Why it matters (especially for India and founders)
This story is a warning for India’s huge number of small investors. Many people put money into P2P products. They thought it was as safe and easy as a savings account. It was not. When the rules caught up, the easy-cash promise was gone.
For founders, the lesson is even sharper. Building a fintech in a legal grey area can drive fast growth. A grey area means the rules are not yet clear. But it leaves you exposed the moment the regulator draws a clear line. The same thing shows up in other parts of finance. You can see it in crypto P2P rules in India. You can also see it in bigger debates about how money and deposits should move, like the ones raised by RBI’s TReDS and FCNR moves in GIFT City. In each case, the firms that treat following the rules as a core part of the product, not an afterthought, tend to survive the clean-up.
FAQ
What is MobiKwik Xtra?
MobiKwik Xtra was a feature inside the MobiKwik app. It let users put money into peer-to-peer loans run by Lendbox. The hope was to earn returns of up to 14-15%.
Why could investors not withdraw their money?
The money was lent out as loans, and loans are illiquid. That means the cash is locked up and hard to get out fast. After the RBI’s 2024 rules banned deposit-like instant cash-outs, the easy withdrawals investors expected were no longer possible.
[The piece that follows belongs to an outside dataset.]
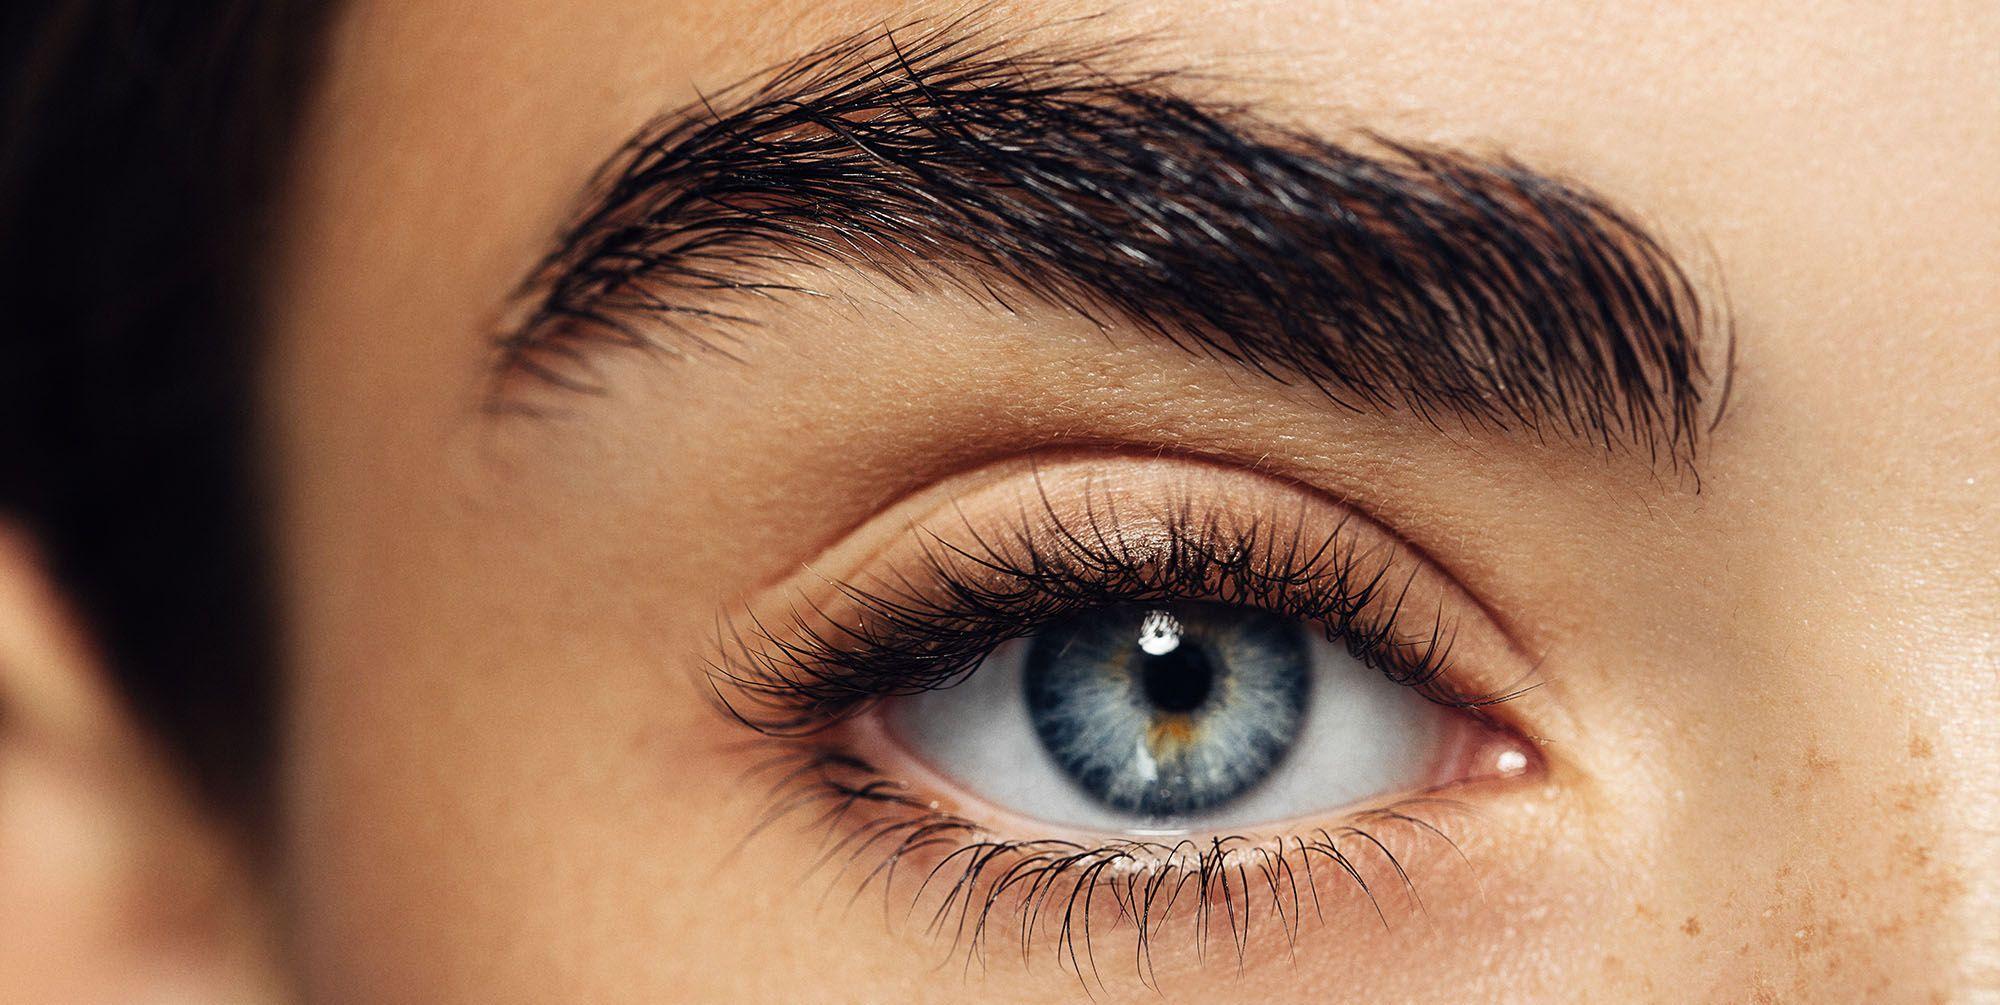 Rubbing eye looks like sex

What penalty did Lendbox’s parent face?
In May 2025, the RBI fined Transactree Technologies Rs 40 lakh. The reasons were moving funds through an unauthorised escrow (holding) account and other breaks of the P2P rules.
The takeaway
The MobiKwik Xtra and Lendbox story shows what happens when a high-return promise runs ahead of the rules. The Rs 10,000 crore claim looked great. But the RBI’s 2024 rules and the Rs 40 lakh penalty showed how much of the model leaned on grey areas. For India’s everyday investors, the message is simple. A P2P return is a loan with risk. It is not a safe, guaranteed deposit. Read the fine print before you chase the big headline rate.